🤖 AI Summary
This paper studies provably secure data deletion in online learning: enabling models to continuously process streaming data while responding to arbitrary deletion requests such that post-deletion outputs are statistically indistinguishable from those of a model never trained on the deleted data. It formally defines the joint “online learning–dynamic unlearning” problem for the first time. The authors propose two algorithmic paradigms—passive and active—both built upon noisy, shrinkage-regularized online gradient descent (OGD), augmented with offline unlearning correction. Under standard convexity and smoothness assumptions, both algorithms achieve the optimal $O(sqrt{T})$ regret bound of classical OGD; the passive variant incurs zero additional computational overhead, whereas the active variant introduces controllable overhead.
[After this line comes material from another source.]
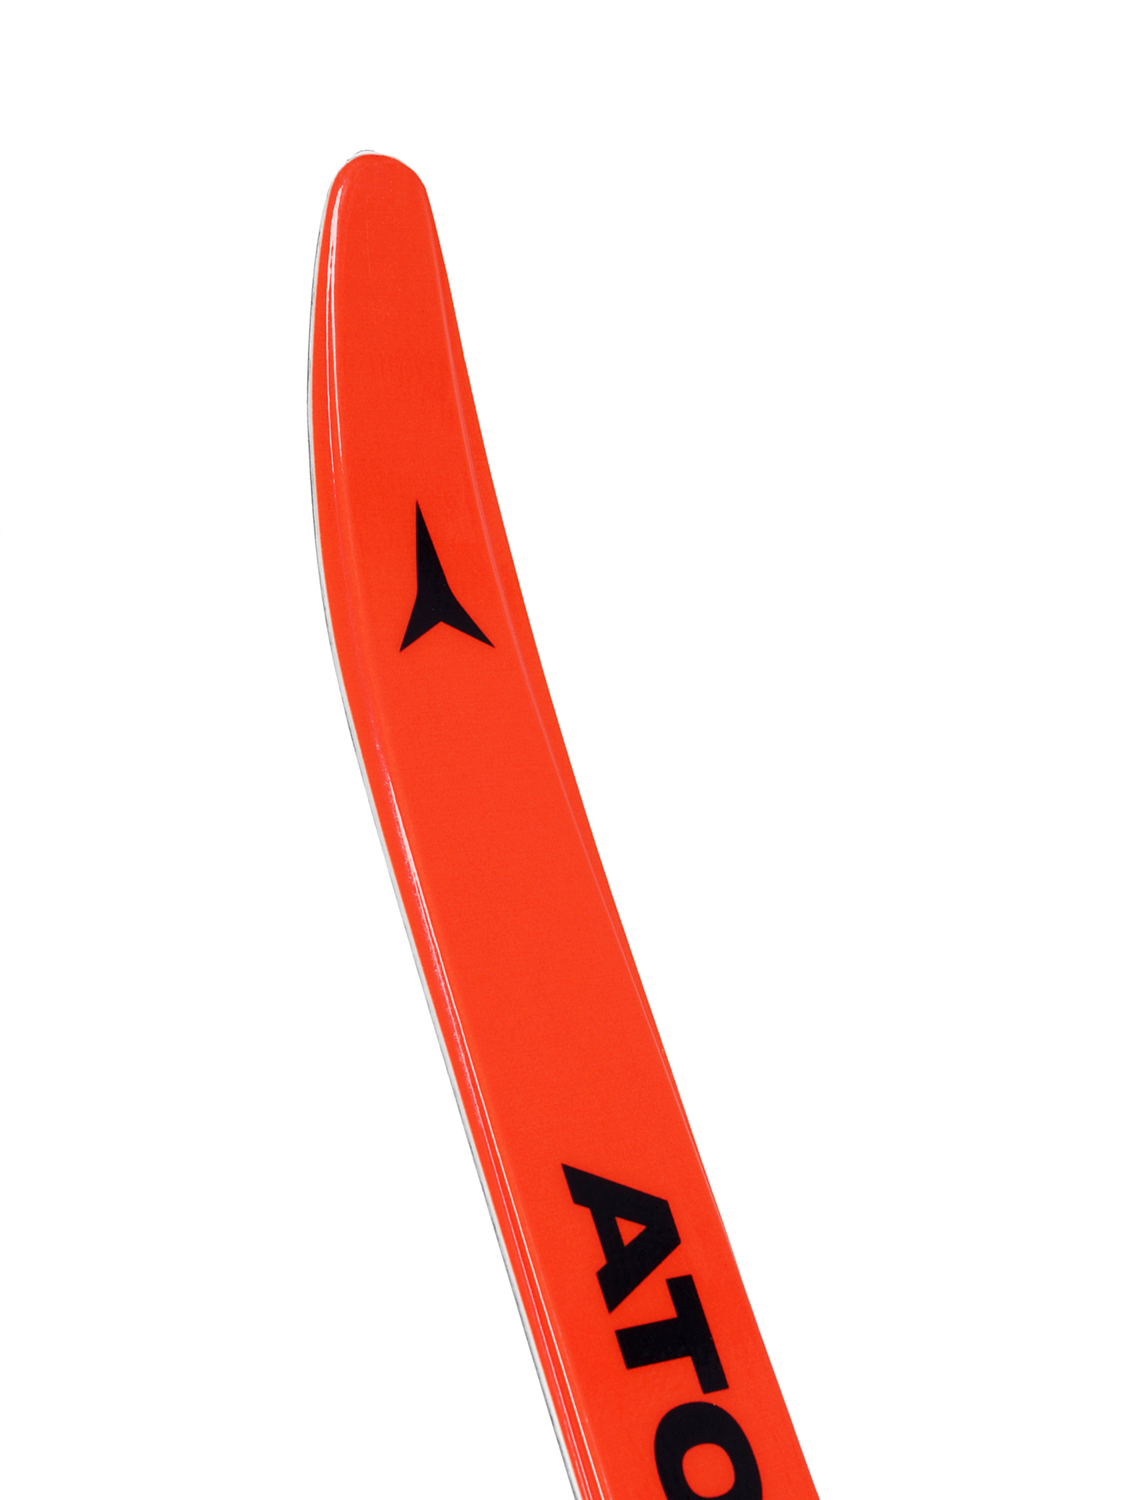 Беговые лыжи ATOMIC 2021-22 Pro Cs1 Light Grey/Grey/Orange

The key contribution is the first theoretical framework simultaneously guaranteeing rigorous unlearning (i.e., statistical indistinguishability) and optimal online learning performance.
📝 Abstract
We formalize the problem of online learning-unlearning, where a model is updated sequentially in an online setting while accommodating unlearning requests between updates. After a data point is unlearned, all subsequent outputs must be statistically indistinguishable from those of a model trained without that point. We present two online learner-unlearner (OLU) algorithms, both built upon online gradient descent (OGD). The first, passive OLU, leverages OGD's contractive property and injects noise when unlearning occurs, incurring no additional computation. The second, active OLU, uses an offline unlearning algorithm that shifts the model toward a solution excluding the deleted data. Under standard convexity and smoothness assumptions, both methods achieve regret bounds comparable to those of standard OGD, demonstrating that one can maintain competitive regret bounds while providing unlearning guarantees.